**GIVEN DATA:**

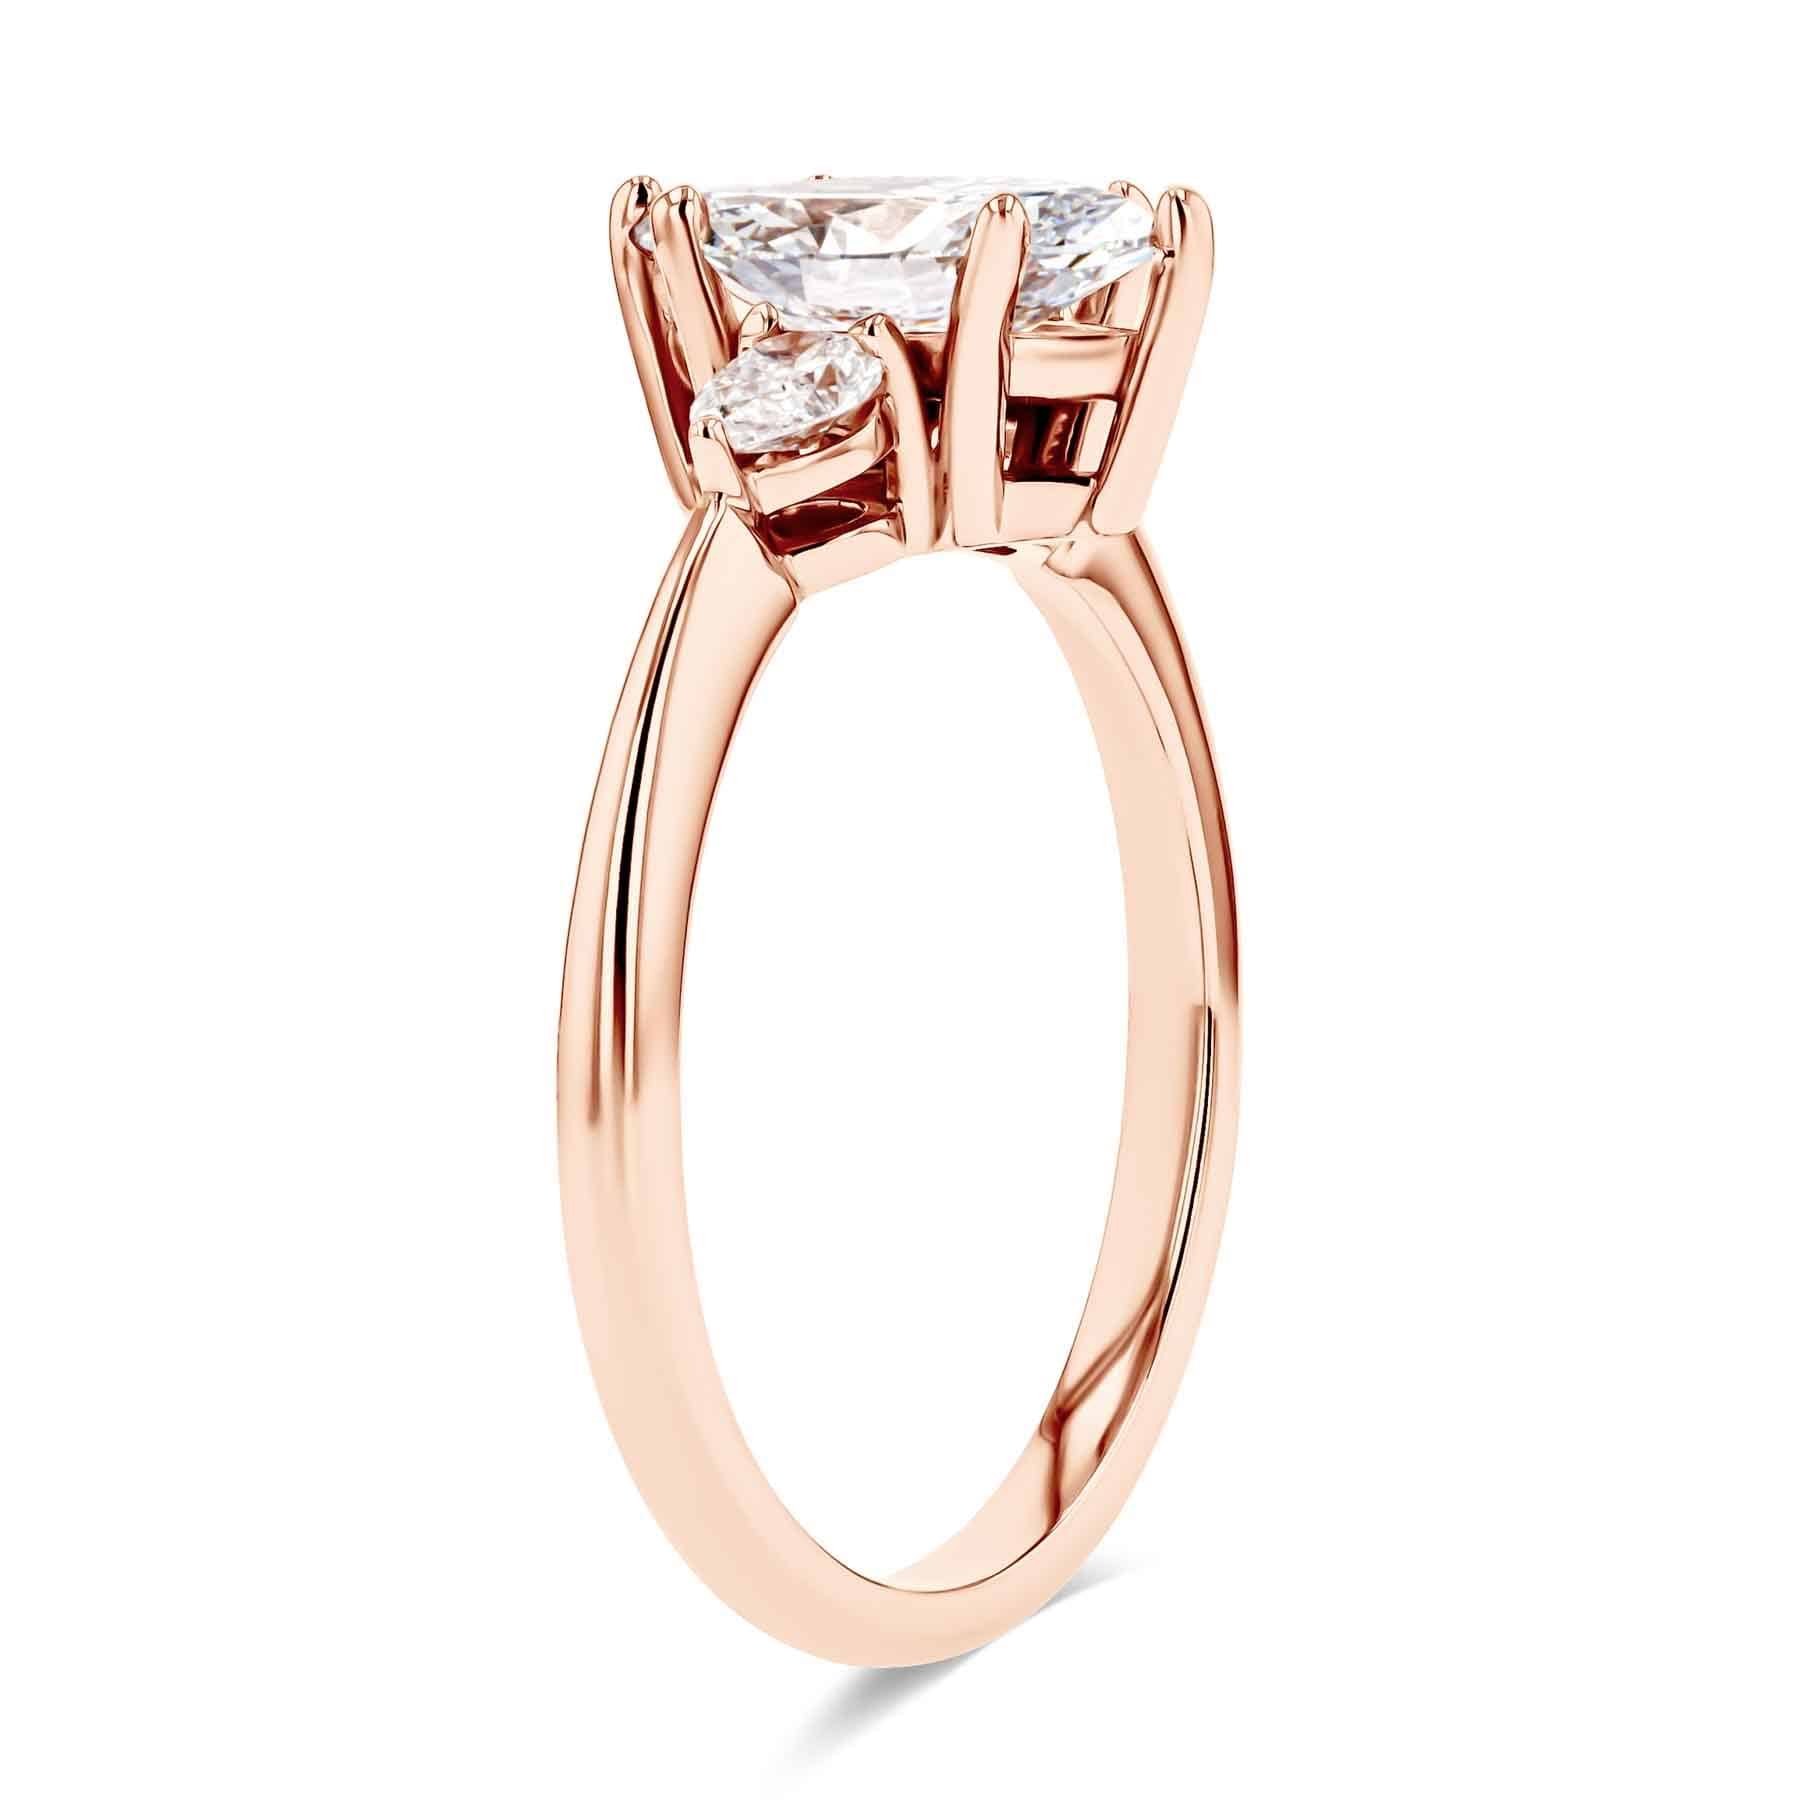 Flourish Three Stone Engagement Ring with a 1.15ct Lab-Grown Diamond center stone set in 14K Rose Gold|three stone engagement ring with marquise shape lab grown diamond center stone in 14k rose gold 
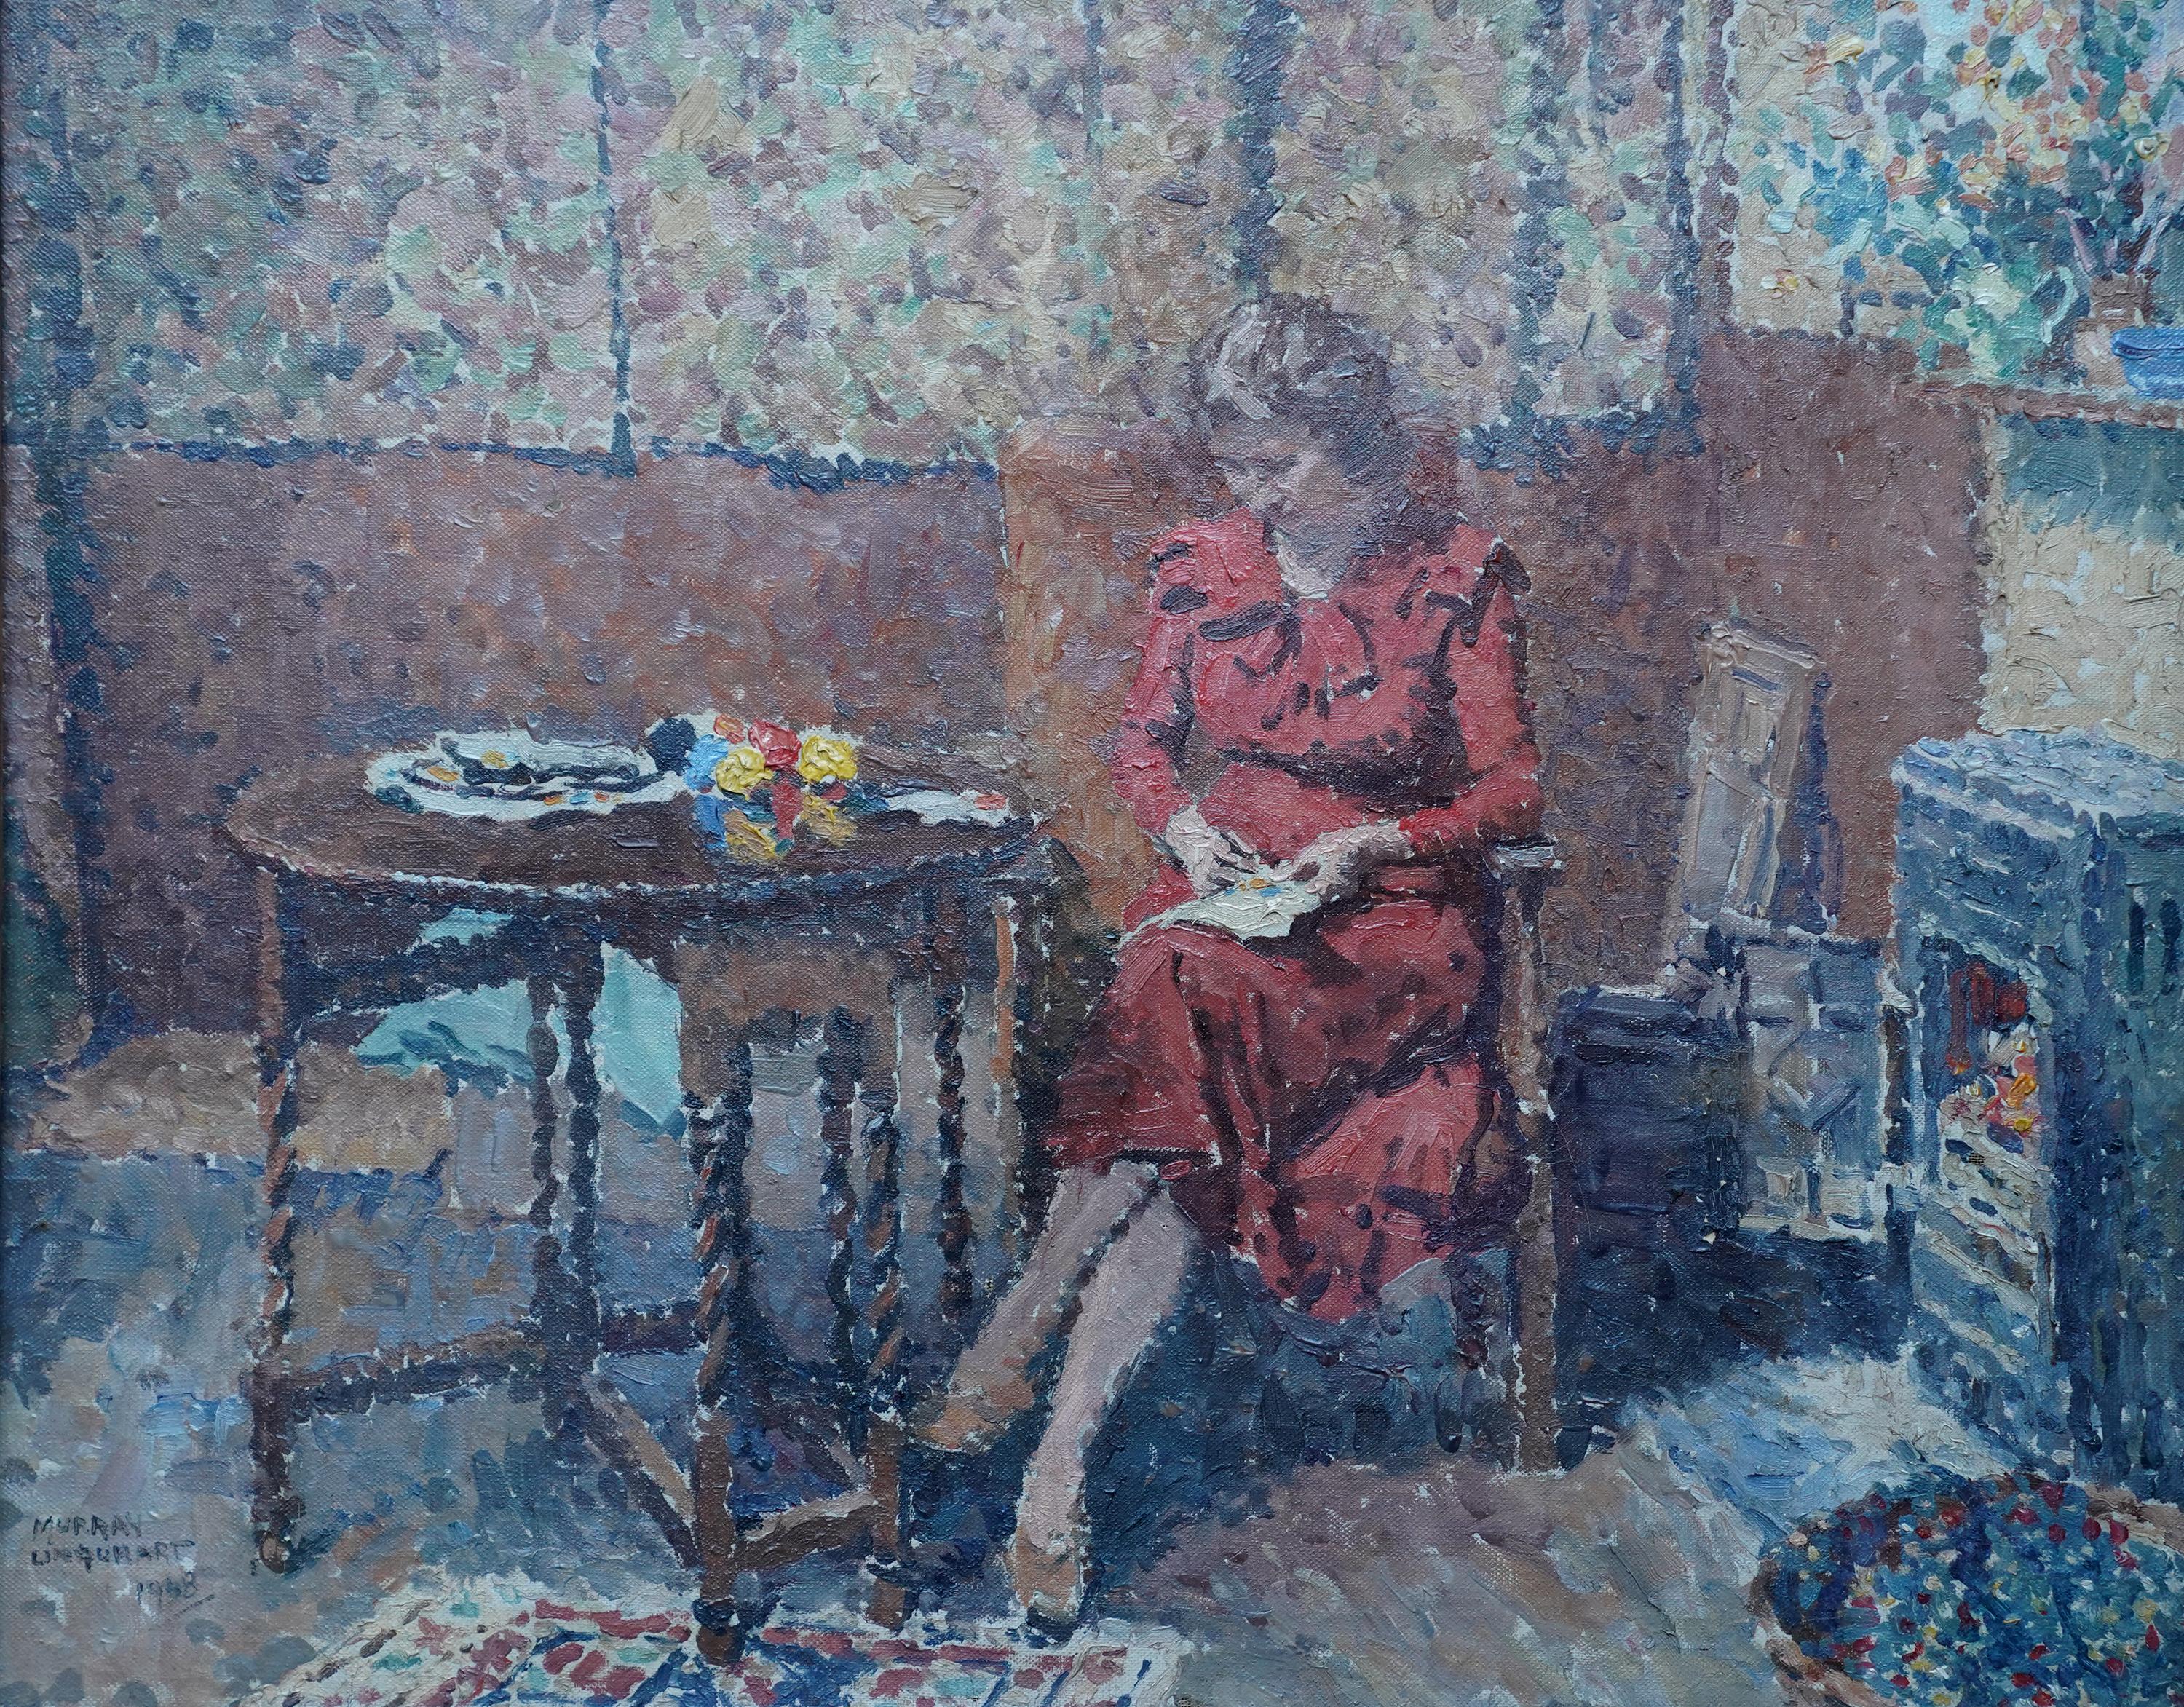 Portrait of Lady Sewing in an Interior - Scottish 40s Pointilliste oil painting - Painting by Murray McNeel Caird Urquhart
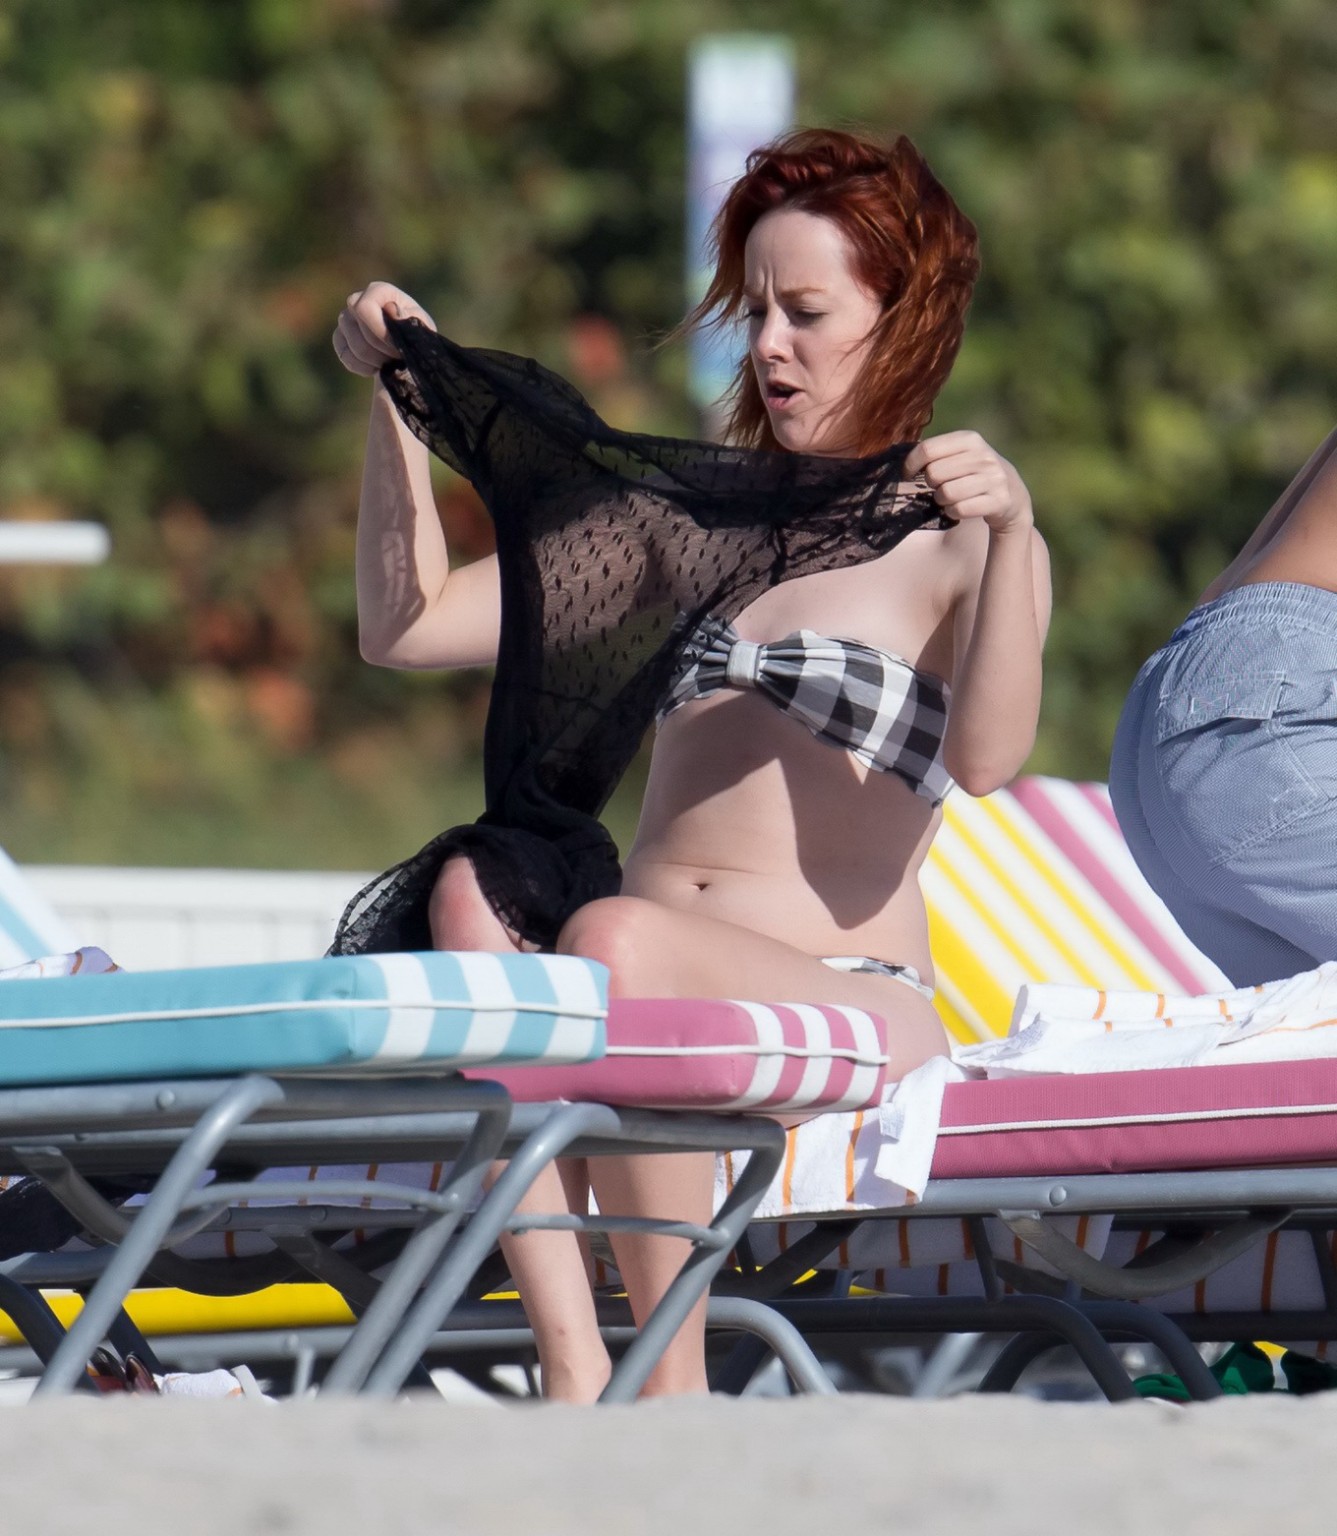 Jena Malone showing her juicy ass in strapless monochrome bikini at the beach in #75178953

**WHAT THIS TASK INVOLVES:** Restate word for word only the lines that run from the line holding "Portrait of Lady" to the end of the data, both ends kept, leaving every picture out.

**ANSWER TO THIS EXERCISE:**
 Portrait of Lady Sewing in an Interior - Scottish 40s Pointilliste oil painting - Painting by Murray McNeel Caird Urquhart
 Jena Malone showing her juicy ass in strapless monochrome bikini at the beach in #75178953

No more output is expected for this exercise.